LSD is bekend om zijn sterke psychoactieve werking, maar fysiologisch is het relatief veilig. LSD wordt in de lever gemetaboliseerd (onder andere door CYP-enzymen), maar dit levert geen giftige tussenproducten op. StatPearls (2023) noteert expliciet dat geen sterfgevallen aan directe LSD-toxiciteit zijn gerapporteerd bij normale doseringen. In normale therapeutische of recreatieve doses (50–200 µg) veroorzaakt LSD geen aantoonbare orgaanschade.

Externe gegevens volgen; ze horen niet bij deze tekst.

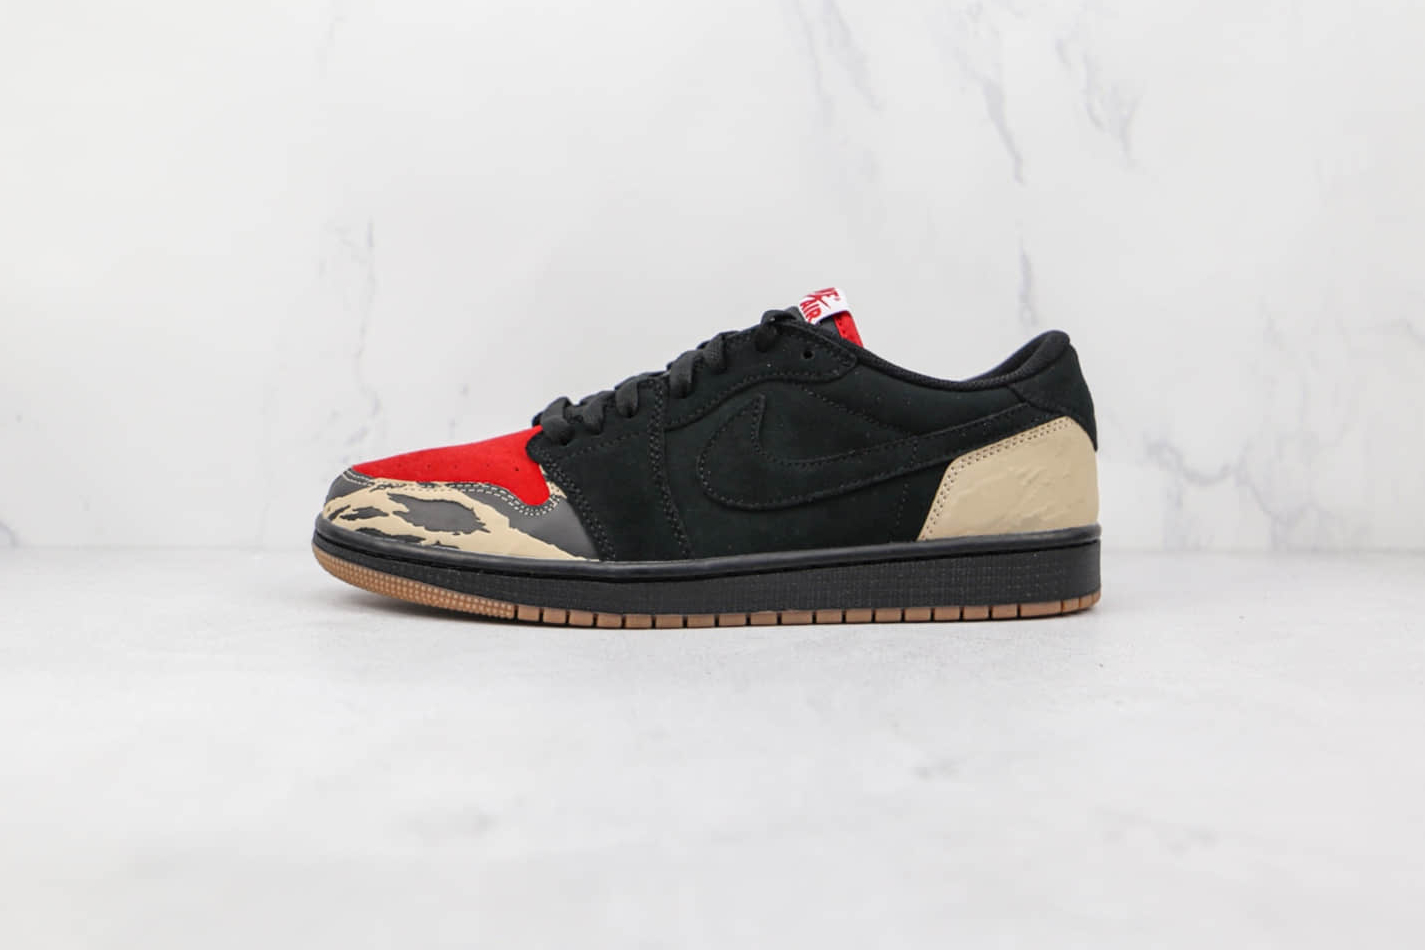 SoleFly x Air Jordan 1 Low Retro OG SP 'Everglades' DN3400-001 - Limited Edition Collab!

  • Klinische ervaringen: In de literatuur zijn geen gevallen van LSD-geïnduceerde hepatitis of leverfalen beschreven. Een recente retrospectieve studie naar LSD- en psilocybine-gerelateerde overlijdens (Darke et al. 2024) gaf aan dat de meeste dodelijke incidenten onder LSD-gebruikers te maken hadden met ongevallen of meerdere middelen, niet met directe organbeschadiging. In slechts één gerapporteerd geval werd LSD als enige oorzaak genoemd, maar er is geen bewijs dat dit leverfalen betrof.
  • Mechanisme en metabolisme: LSD wordt snel tot inactieve metabolieten omgezet (zoals 2-oxo-3-hydroxy-LSD) en heeft een korte halfwaardetijd (~3 uur). Er zijn geen mechanistische aanwijzingen dat LSD zelf levercellen schade toebrengt. Theoretisch kan zeer hoge dosis LSD (of intraveneus gebruik, zie LSD-“mainlining” ca. 1967) indirect leverstress veroorzaken (via convulsies of vasculaire reacties), maar zulke situaties zijn buiten normgebruik en zeer zeldzaam.
  • Incidenteel vs chronisch gebruik: LSD geeft snel tolerantie voor gedragsmatig effect, maar is ook snel afgebroken. Er zijn geen aanwijzingen dat chronisch herhaald gebruik bij normale doses leidt tot levertoxiciteit. Het risico blijft derhalve laag ongeacht gebruikspatroon.

Conclusie

Op basis van huidige kennis is MDMA veruit het meest geassocieerd met levertoxiciteit. MDMA-gebruik is in meerdere studies gelinkt aan ernstig acuut hepatitis en leverfalen, vooral bij hoge doses of in combinatie met andere hepatotoxische stoffen. Cijfers uit de literatuur benadrukken dit: in één serie was ecstasy betrokken bij 31% van alle geneesmiddel-geïnduceerde leverfalens bij jongeren. Daarentegen zijn er geen vergelijkbare meldingen van LSD- of psilocybine-geïnduceerde hepatitis. Psilocybine (magic mushrooms) bevat geen levertoxines en zorgt – afgezien van gevallen van vergissing met giftige paddenstoelen – niet voor leverbeschadiging. LSD blijkt fysiologisch vrijwel niet-toxisch; er zijn geen doden of leverfalen direct aan LSD toegeschreven bij normale doses.

Samenvattend: van de drie stoffen draagt MDMA de grootste leverbelasting, vooral bij intoxicaties of cumulatief gebruik. LSD en psilocybine lijken onder recreatief en klinisch gebruik veilig voor de lever te zijn. Waar MDMA-documentatie acute hepatitis, hoge transaminases en zelfs leverfalen toont, ontbreekt elk dergelijk bewijs bij LSD of psilocybine. Incidentieel versus chronisch gebruik maakt voor MDMA uit: hogere of herhaalde doseringen vergroten het risico op recidiverend leverletsel. Voor LSD/psilocybine is geen dergelijk verschil bekend.

Bronnen: Andreu et al. (1998); Onur et al. (2008); Makunts et al. (2024); Thomann et al. (2024); Utah Poison Control Center (2024); StatPearls (2023); Darke et al. (2024).